DocketNumber: No. 1478.
Citation Numbers: 70 S.W.2d 758
Judges: Gallagher
Filed Date: 4/5/1934
Status: Precedential
Modified Date: 10/19/2024
This suit was instituted by appellants, Mrs. C. S. Allen, surviving wife of C. S. Allen, deceased, and her six children, against appellee, Texas New Orleans Railroad Company, to recover damages for the death of said husband and father, which they alleged was caused by the negligence of appellee. Appellee's railroad runs north and south along one of the streets of the city of Calvert. Said street is intersected at right angles by Burnett street, which runs east and west. The deceased, C. S. Allen, was attempting to cross from the west to the east side of appellee's track at the Burnett street crossing, when he was struck by the engine of a south-bound freight train and instantly killed.
The case was submitted on special issues, in response to which the jury found, in substance, that:
(a) Appellee's train was at the time of the accident being operated at a rate of speed prohibited by the ordinances of said city.
(b) Appellee's employees failed to exercise ordinary care in the rate of speed at which they operated the same.
(c) Appellee negligently failed to keep its Burnett street crossing in repair.
(d) None of such acts of negligence was the proximate cause of the death of said Allen.
All other acts of negligence charged against appellee were found in its favor. The jury further found, in substance, that said Allen was guilty of negligence proximately causing or contributing to his death, as follows:
(a) He failed to exercise ordinary care to discover the approach of the train.
(b) He failed to exercise ordinary care to keep a lookout to discover such approach.
(c) He failed to exercise ordinary care to avoid being struck by the train after he discovered its approach.
(d) He failed to exercise ordinary care in listening for the approach of a train before going on the crossing.
(e) Such negligence proximately caused or contributed to cause his death.
Various other acts of said Allen were found by the jury to have been negligent, but not, with two or three exceptions, the proximate cause of his death. The jury also found that the accident was not unavoidable, and assessed damages in favor of the surviving widow in the sum of $6,000 and in favor of a widowed daughter in the sum of $2,000. The court rendered judgment on the verdict that appellants take nothing by their suit and that the appellee recover its costs.

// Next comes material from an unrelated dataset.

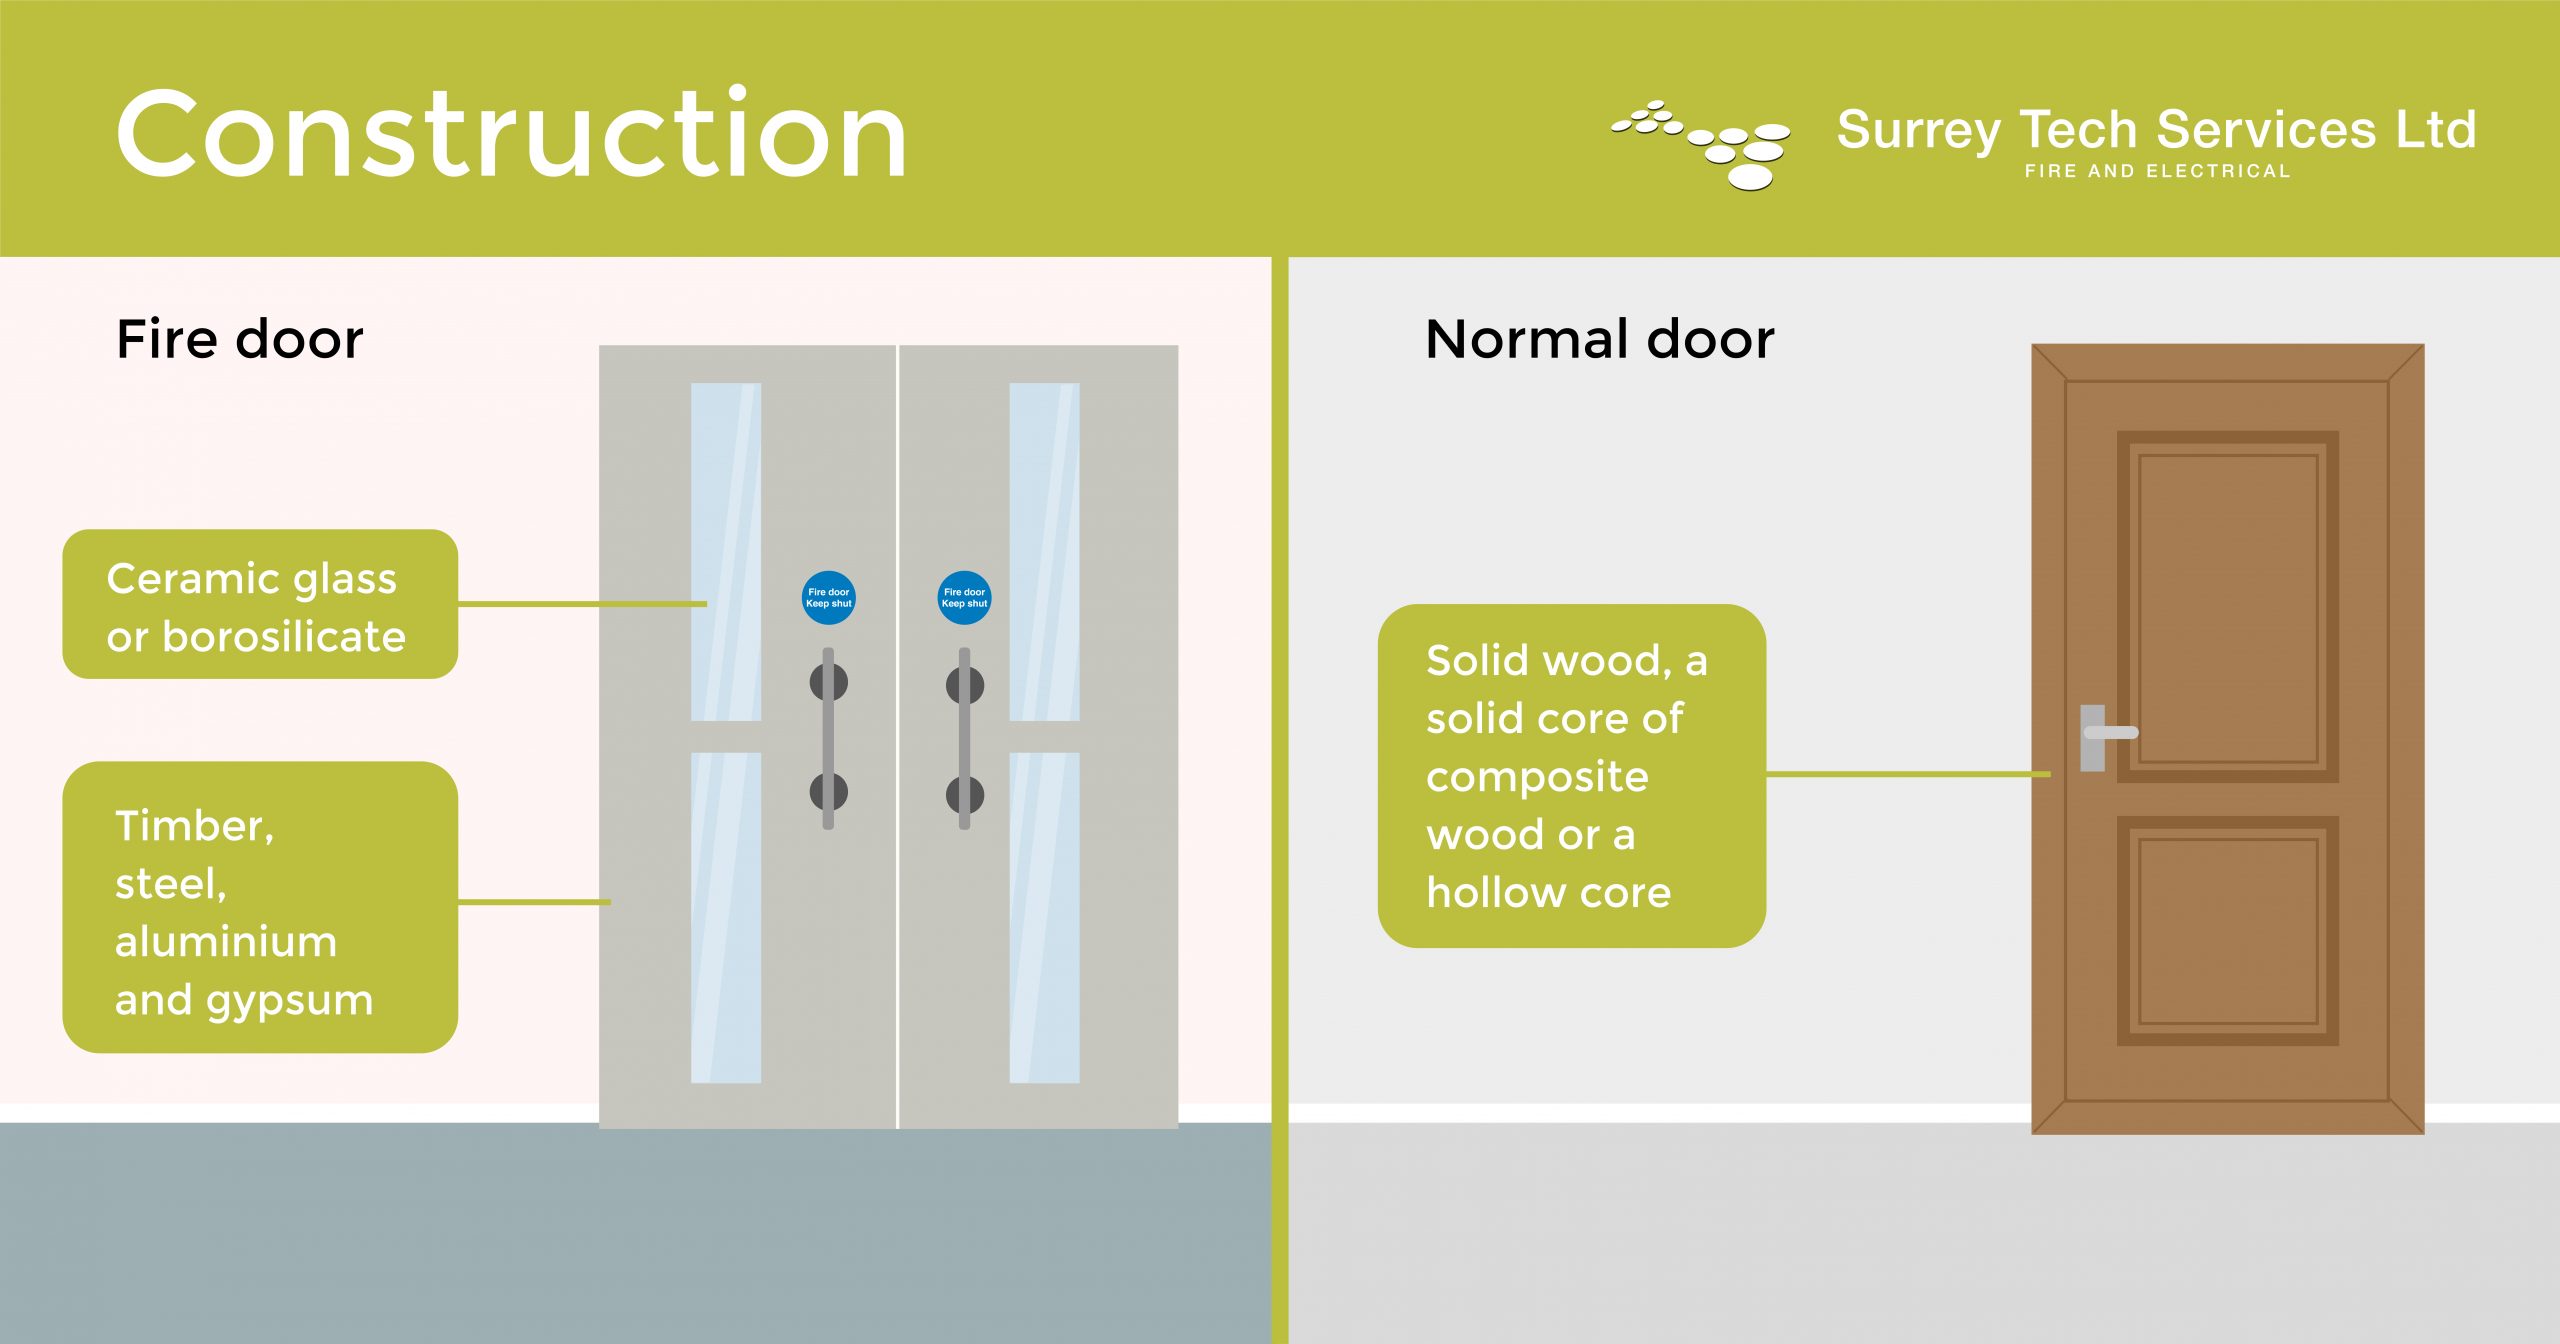 What are fire doors made of?
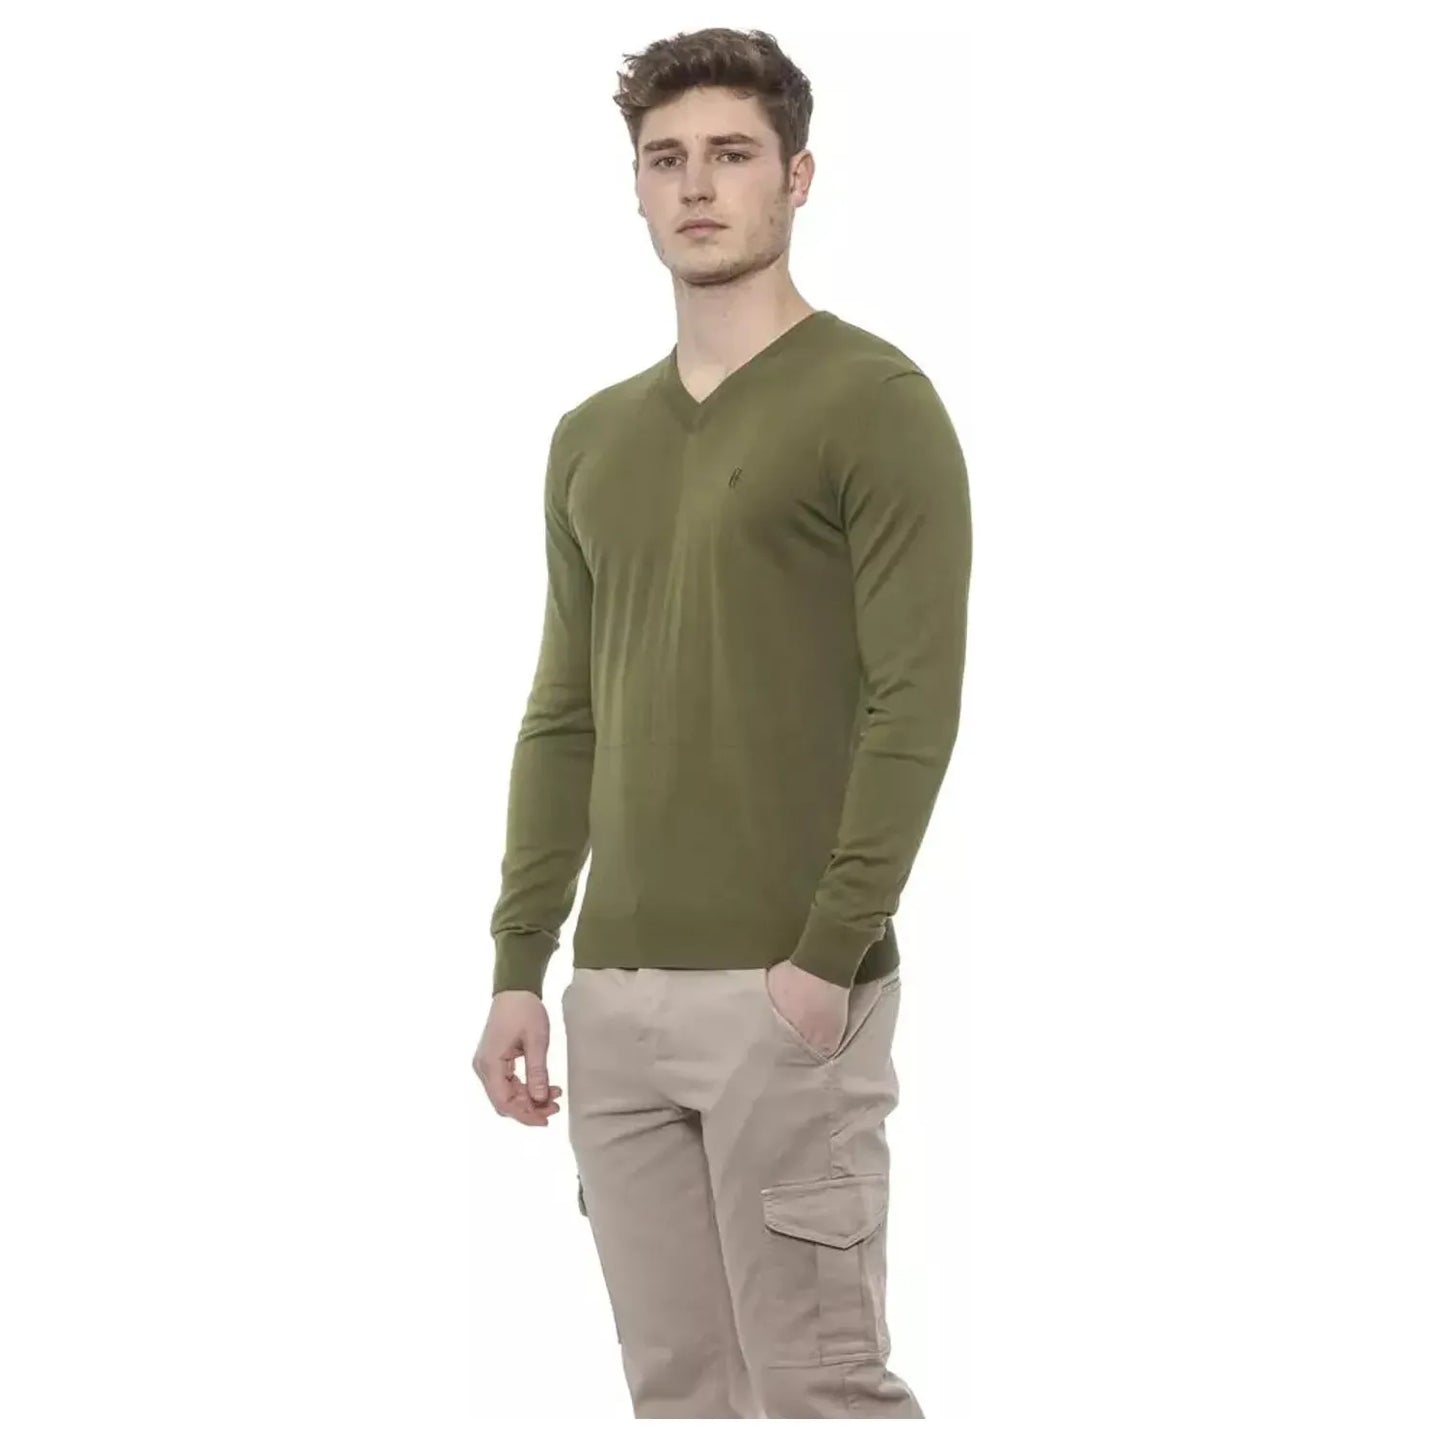 Conte of Florence Elegant V-Neck Green Cotton Sweater olivegreen-sweater stock_product_image_20336_620736967-18-c4a03bf9-5d4.webp

Appellants present an assignment in which they contend that the court erred in overruling their objection to certain statements made by one of appellee's attorneys in his argument to the jury. The deceased was killed while attempting to cross from the west to the east side of appellee's track at a regular street crossing. Appellants alleged in their petition that the deceased stepped in a hole or caught his foot under the west rail of the track and fell across it, and was in that position when struck by the engine. They introduced testimony tending to support such allegation, but the testimony on such issue as a whole was conflicting. Appellants' witness Blasienz testified that the first blood stains were four or five feet south of the street crossing; that the body was found farther down the track; and that clothing was scattered from about the middle of the crossing toward the body. Appellee objected to the testimony just recited on the ground that it tended to show mutilation of the body, but the court overruled the objection. No further testimony along this line was offered. There was no testimony introduced with reference to the position of the feet of the deceased. The Honorable H. A. Bush made the closing argument in the case for appellee, and stated therein: "They say that Mr. Allen either stumbled in a hole or that he hung his foot under that rail and fell prone across the track. I am going to tell you, gentlemen of the jury, that it didn't happen that way. If Mr. Allen had hung his toe under that rail and fallen across that track, those wheels would have cut his feet off and left them on the west side. There is not a bit of testimony on the part of the plaintiffs (appellants) that Mr. Allen's feet, if they say he fell across those tracks, if they put their case on the fact that he fell down under those wheels, were on the west side of the track."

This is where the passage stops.